Journal of food science and technology(Iran)

Journal of food science and technology(Iran)

Encapsulation of hydrolyzed protein of yellowfin tuna (Thunnus albacares) waste using maltodextrin and gum arabic, and evaluating the physicochemical properties of the resulting microcapsules

Document Type : Original Article

Authors
1 Department of Fisheries, Faculty of Animal Sciences and Fisheries, Sari Agricultural Sciences and Natural Resources University, Sari, Iran
2 PhD graduate, Department of Processing of Fishery Products, Faculty of Fisheries and Environment, Gorgan University of Agricultural Sciences and Natural Resources, Gorgan, Iran
10.48311/fsct.2026.84014.0
Abstract
The use of protective techniques such as encapsulation is essential to increase the efficiency of hydrolyzed proteins in the food and pharmaceutical industries. In this research, hydrolyzed protein from the viscera of yellowfin tuna (Thunnus albacares) was microencapsulated using three types of coatings (maltodextrin, gum arabic and maltodextrin/gum arabic in equal ratio) by the spray drying method, and the characteristics of the produced microcapsules were evaluated.
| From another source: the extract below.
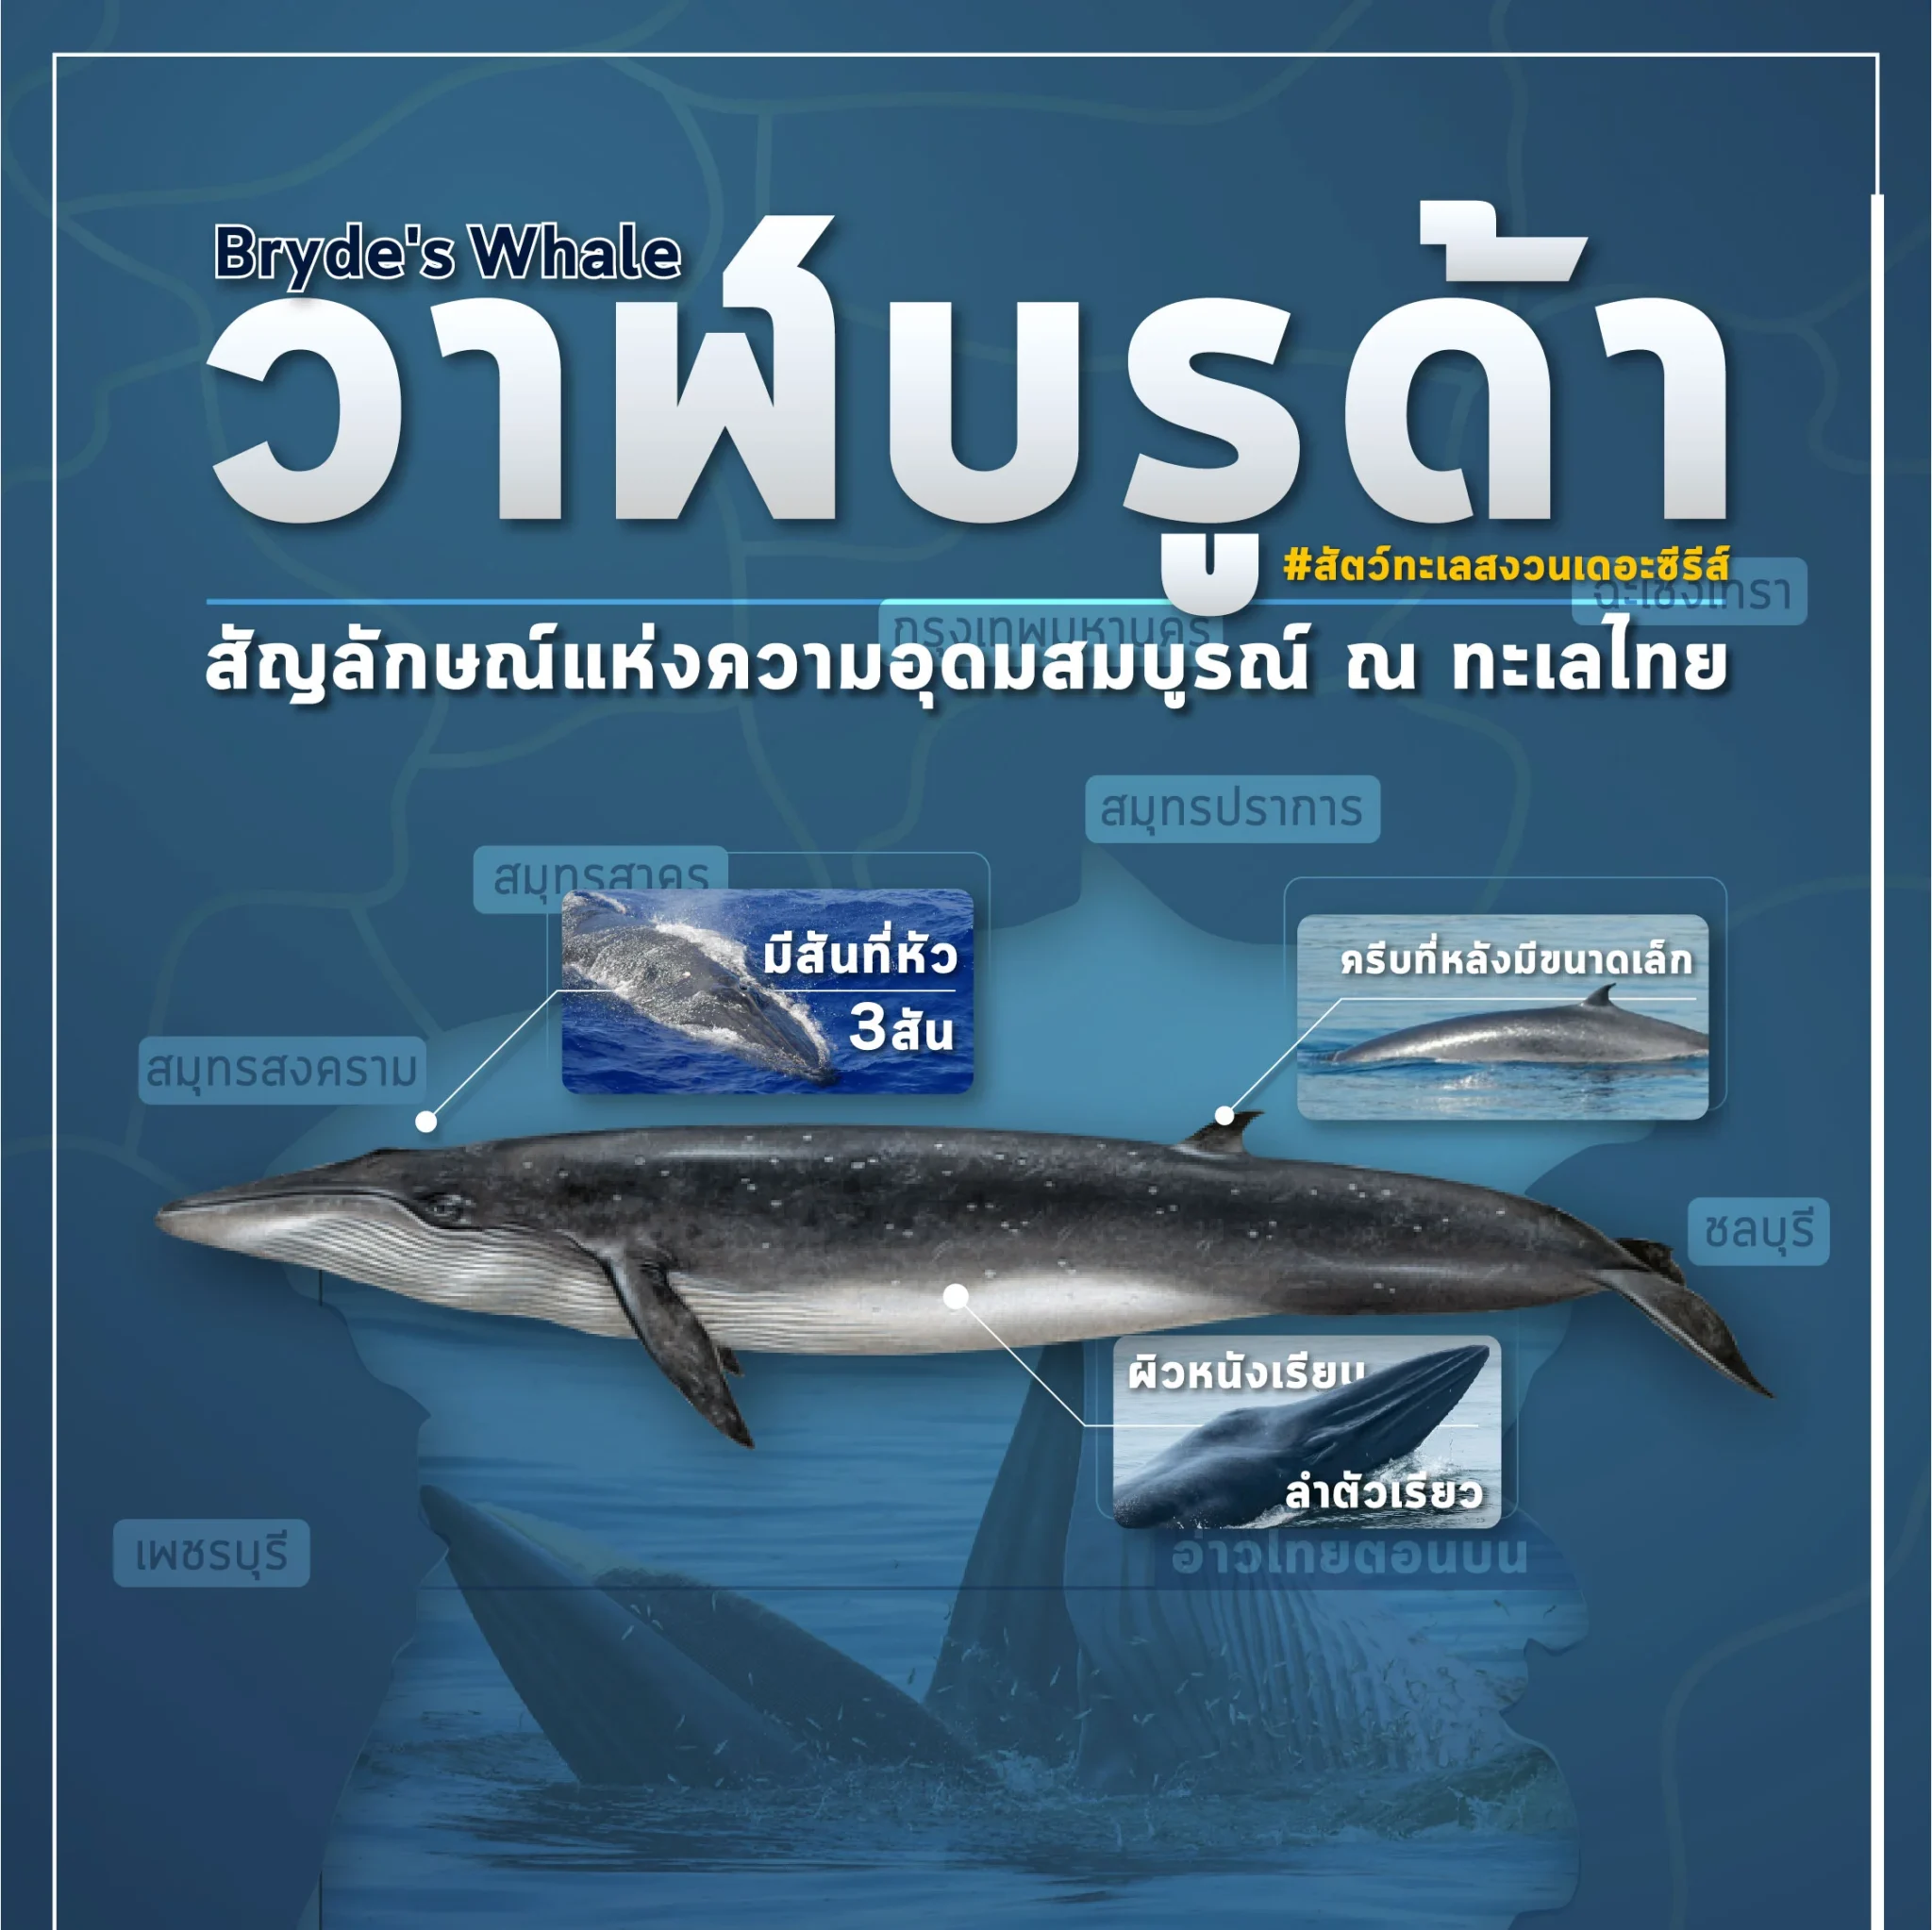 ‘วาฬบรูด้า’ สัญลักษณ์ความอุดมสมบูรณ์ท้องทะเลไทย

The results showed that microcapsules with maltodextrin wall had the smallest particle size (4.96±0.1 µm), while samples with gum arabic wall showed the highest microencapsulation efficiency (92.76±1.88%) (p<0.05). Microencapsulation reduced the water activity, and the lowest amount (0.215±0.01) was observed in microcapsules with maltodextrin wall (p<0.05). Also, with microencapsulation, bulk density decreased and its lowest value was observed in microcapsules with gum arabic wall (0.135±0.01 g/ml) (p<0.05). The kinematic viscosity of microcapsules with maltodextrin wall and composite wall showed no significant difference at all investigated concentrations (p>0.05), and the highest viscosity was recorded in microcapsules with gum arabic wall (p<0.05). Microencapsulation of the hydrolyzed protein increased solubility and decreased hygroscopicity (p<0.05). The highest levels of these two indices (98.62±1.18% and 30.17±0.95%, respectively) were observed in microcapsules with maltodextrin wall (p<0.05). This research showed that microencapsulation of hydrolyzed proteins using the spray drying method and carriers based on maltodextrin and gum arabic improves some of their physicochemical properties, and the effect of the carrier type on these properties is significant.